## [REQUIRED ACTION]
Only one stretch of the data should be retyped: the lines from the line containing "Laboratorio di arbitrato" through the line containing "Insight Lenitive Shampoo". Keep pictures out of it.

DATA below:

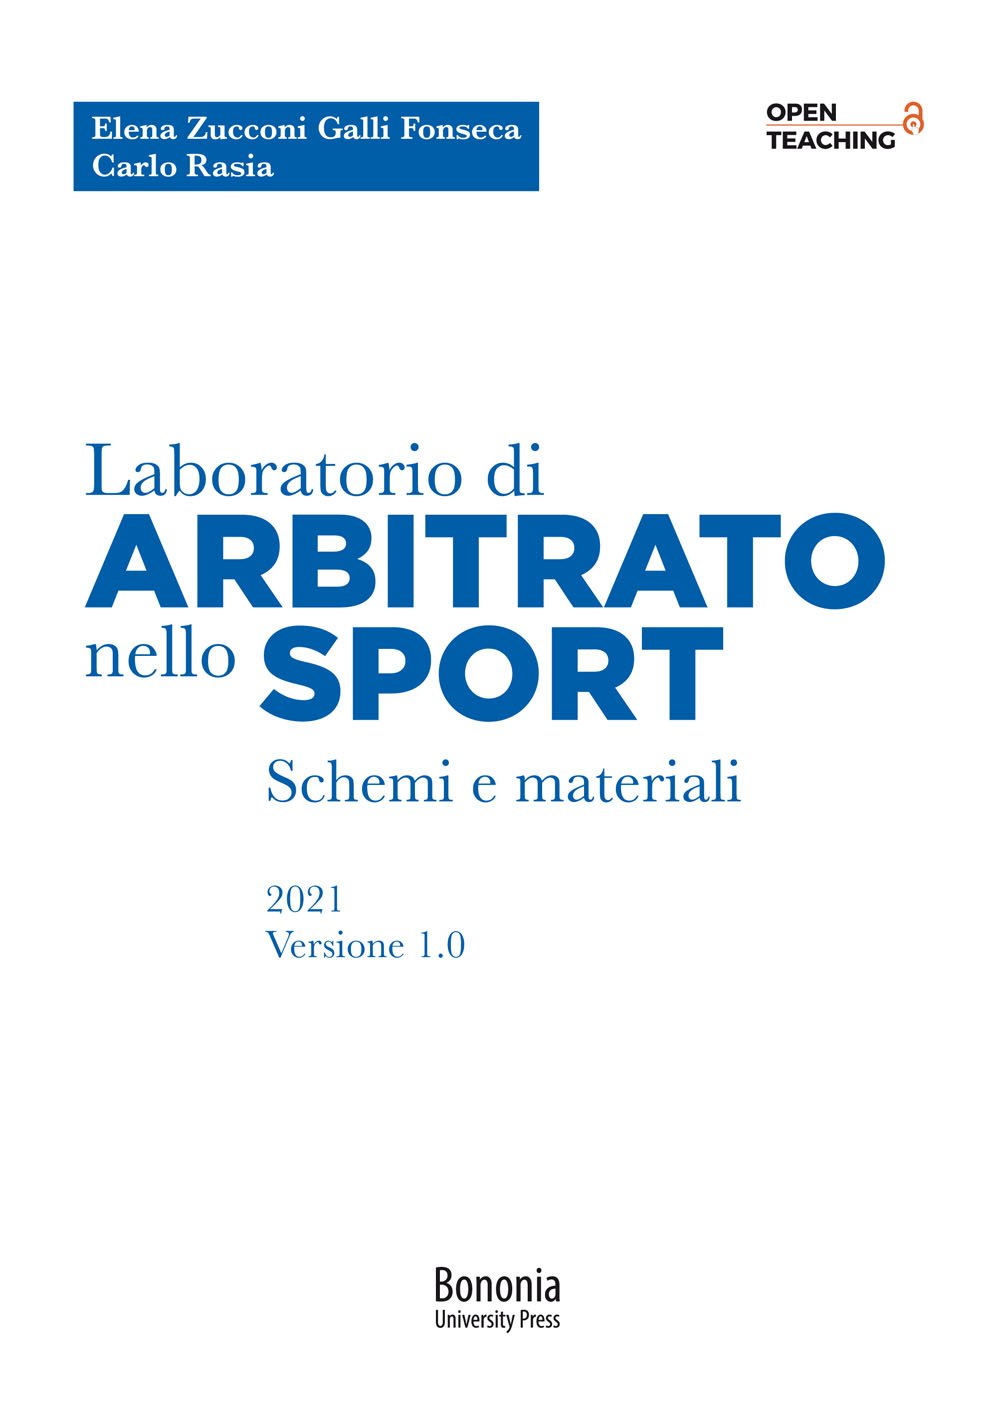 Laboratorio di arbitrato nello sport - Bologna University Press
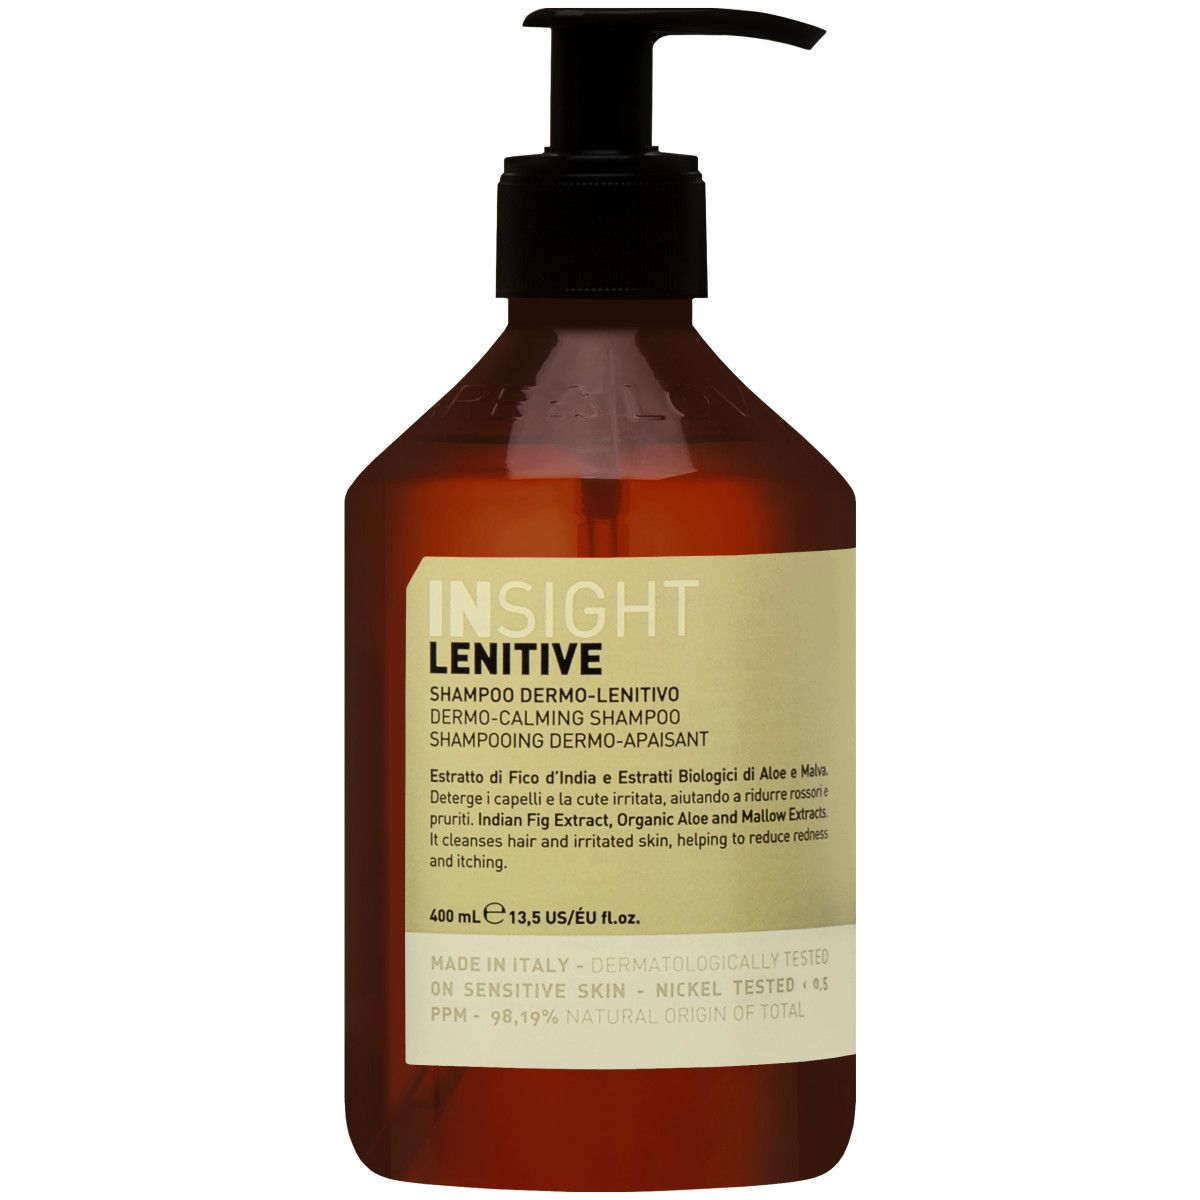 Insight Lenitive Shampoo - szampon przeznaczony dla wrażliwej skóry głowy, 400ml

End of DATA.
DATA below:

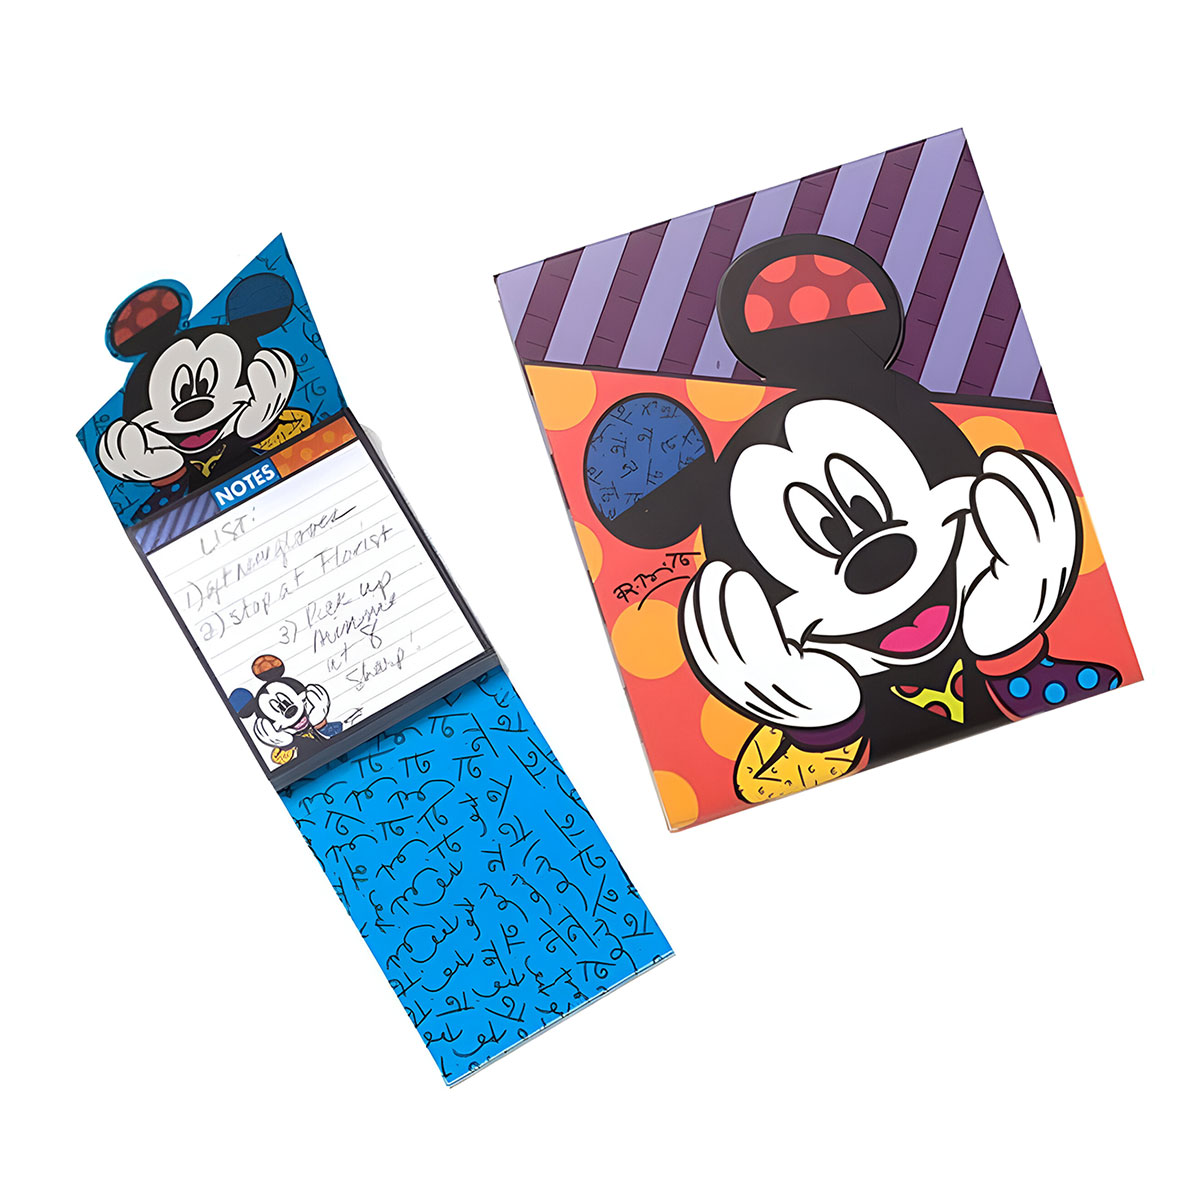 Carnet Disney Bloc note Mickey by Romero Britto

End of DATA.

## [YOUR SOLUTION]
 Laboratorio di arbitrato nello sport - Bologna University Press
 Insight Lenitive Shampoo - szampon przeznaczony dla wrażliwej skóry głowy, 400ml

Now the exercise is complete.